**1i.** Two 25-year maturity mortgage-backed bonds are issued. The first bond has a par value of $10,000 and promises to pay a 10.5 percent annual coupon, while the second is a zero coupon bond that promises to pay $10,000 (par) after 25 years, including accrued interest at 10 percent. At issue, bond market investors require a 12 percent interest rate on both bonds.

**a.**What is the initial price on each bond?

**b.**Assume both bonds promise interest at 10.5 percent, compounded semiannually. What will be the initial price for each bond?

**c.**If market interest rates fall to 9.5 percent at the end of five years, what will be the value of each bond, assuming annual payments as in (a) (state both as a percentage of par value and actual dollar value)?

**1ii.**What is the secondary mortgage market? List three reasons why it is important.

**2i.** The Green S & L originated a pool containing 75 ten-year fixed interest rate mortgages with an average balance of $100,000 each.
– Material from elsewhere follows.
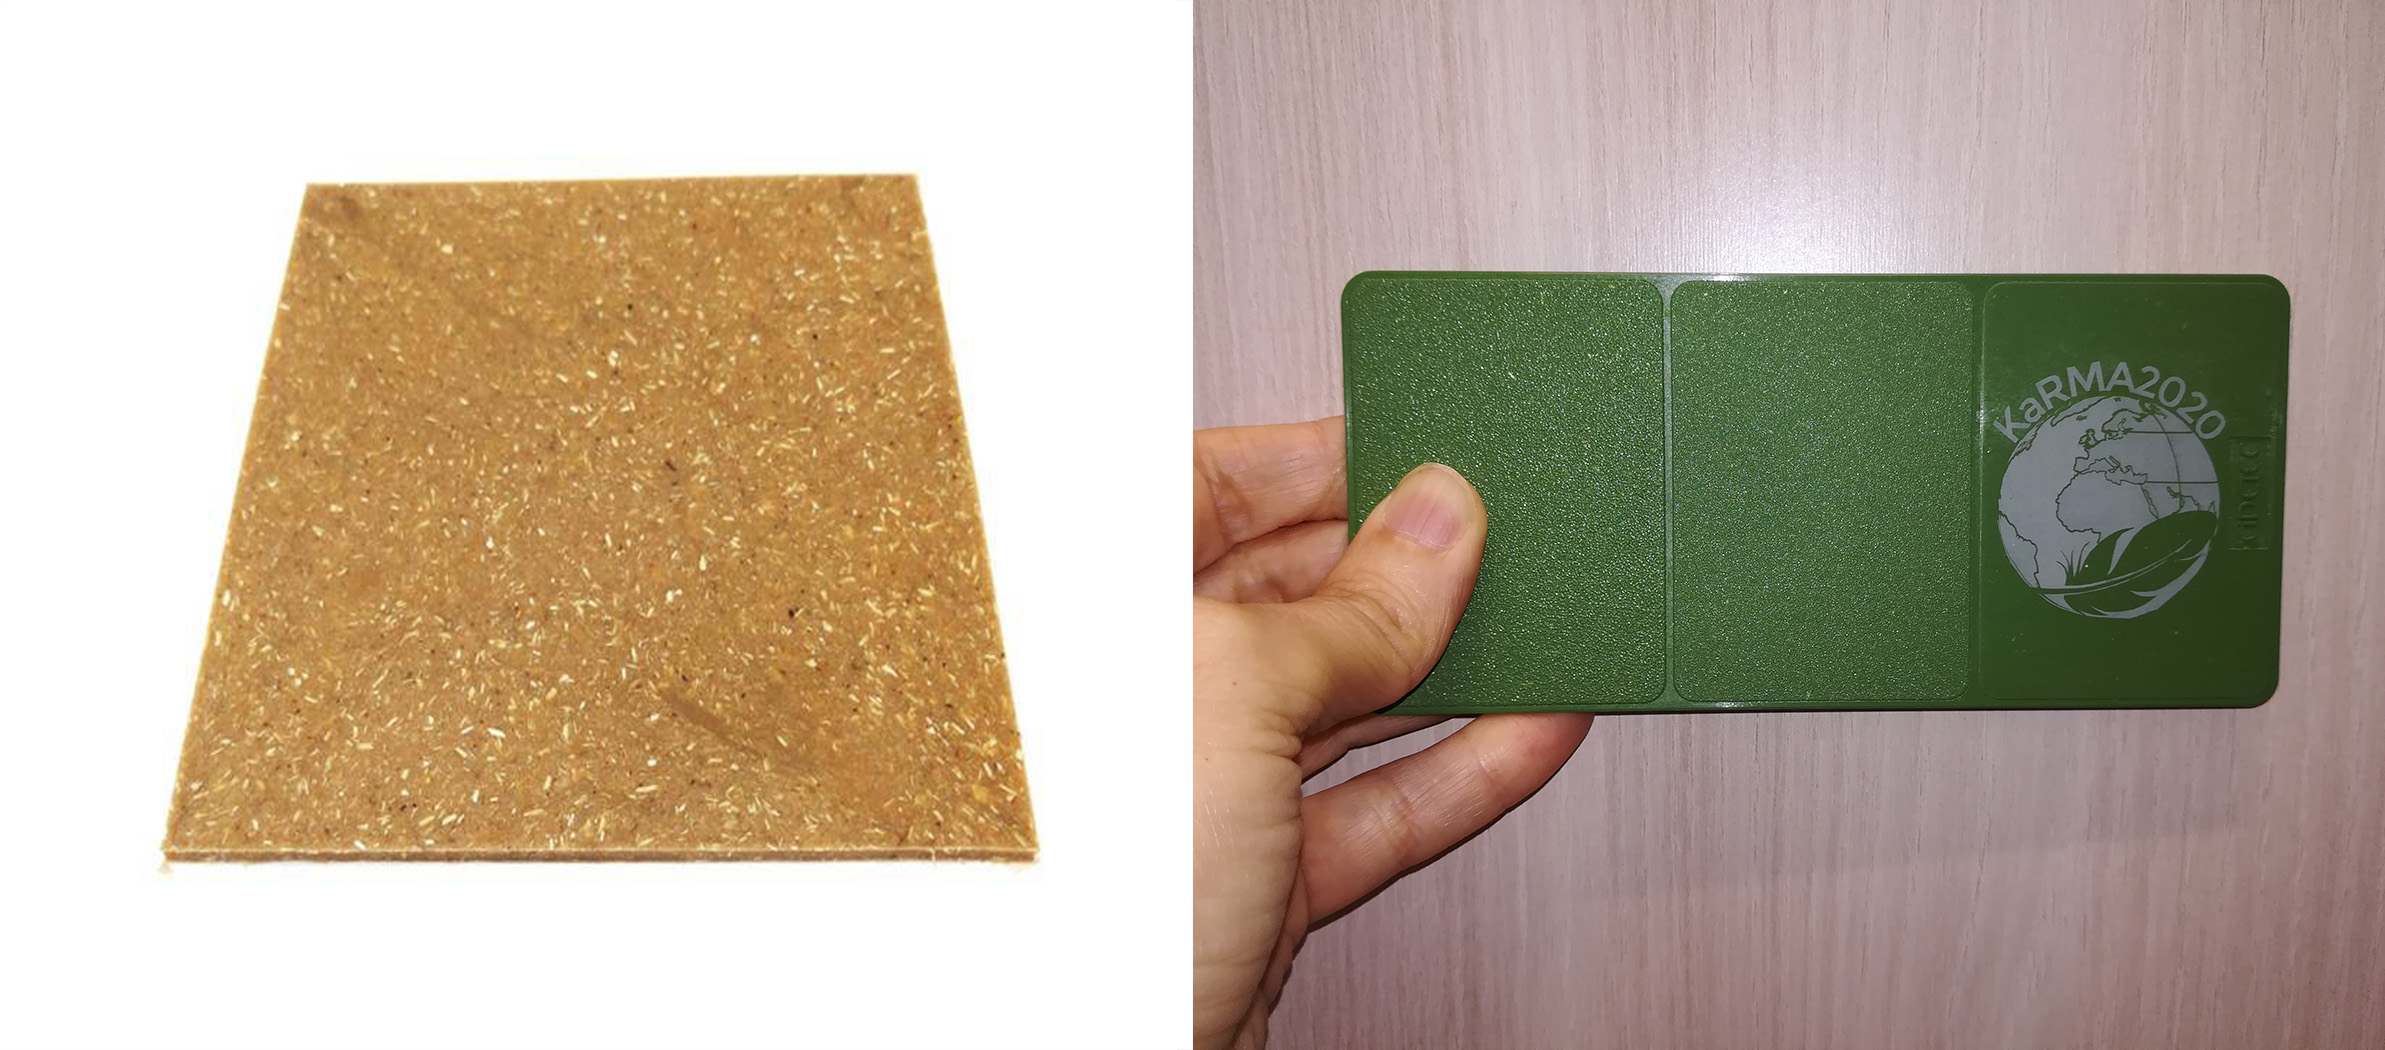 Chicken feathers can be used as raw material for composites (left) or for moulded plastic alternatives (right).

All mortgages in the pool carry a coupon of 12 percent. (For simplicity, assume all mortgage payments are made annually at 12 percent interest.) Green would now like to sell the pool to FNMA.

**a.**Assuming a constant annual prepayment rate of 10 percent (for simplicity assume that prepayments are based on the pool balance at the end of the preceding year and begin at the end of year 1), what is the price that Green could obtain if market interest rates were (1) 11 percent? (2) 12 percent? (3) 9 percent?

**b.**Assume that five years have passed since the date in (a). What will the pool factor be? If market interest rates are 12 percent, what price can Green obtain now?

**c.**Instead of selling the pool of mortgages in (a), Green decides to securitize the mortgages by issuing 100 pass-through securities. The coupon rate will be 11.5 percent and the servicing and guarantee fee will be 0.5 percent. However, the current market rate of return is 10.5 percent. How much will Green obtain for this offering of MPTs? What will each purchaser pay for an MPT security, assuming the same prepayment rate as in (a)?

**d.**Assume now that immediately after purchase in (c), interest rates fall to 9 percent and that the prepayment rates are expected to accelerate to 20 percent per year, beginning at the end of the first year. What will the MPT security be worth now?

**2ii. **What were the three principal activities of FNMA under its 1954 charter? What is its principal function now?

**3i.Excel.** Refer to the “Ch19 MPS” tab in the Excel Workbook provided on the Web site. a. Find the value of the cash flows to the issuer and to individual investors based on a required rate of return of 7.5 percent. b. Find the value of the cash flows to the issuer and to individual investors based on a required rate of return of 11.5 percent.

**3ii.** Name two ways that FNMA currently finances its secondary mortgage operations.

**4.**When did GNMA come into existence? What was its original function? What is its main function now?

**5.**Why was the formation of FHLMC so important?

**6.**What is a mortgage-related security? What are the similarities and differences between mortgage securities and corporate bonds?

**7.**Name the principal types of mortgage-related securities. What are the difference between them?

**8.**There are several ways that mortgages can be sold in the secondary market. Choose two and compare and contrast their length of distribution channel, relative ease of transaction, and efficiency as it relates to maximizing funds flow from sale.

**9.**What is the function of the optional delivery commitment?

**10.**What is a mortgage swap certificate?

**11.**Name five important characteristics of mortgage pools. Tell why each is important.

**12.**In general, would a falling rate of market interest cause the price of an MPT security to increase or decrease? Would the increase or decrease be greater if the security was issued at a discount? Would an increase in prepayment be likely or unlikely? Describe with an example.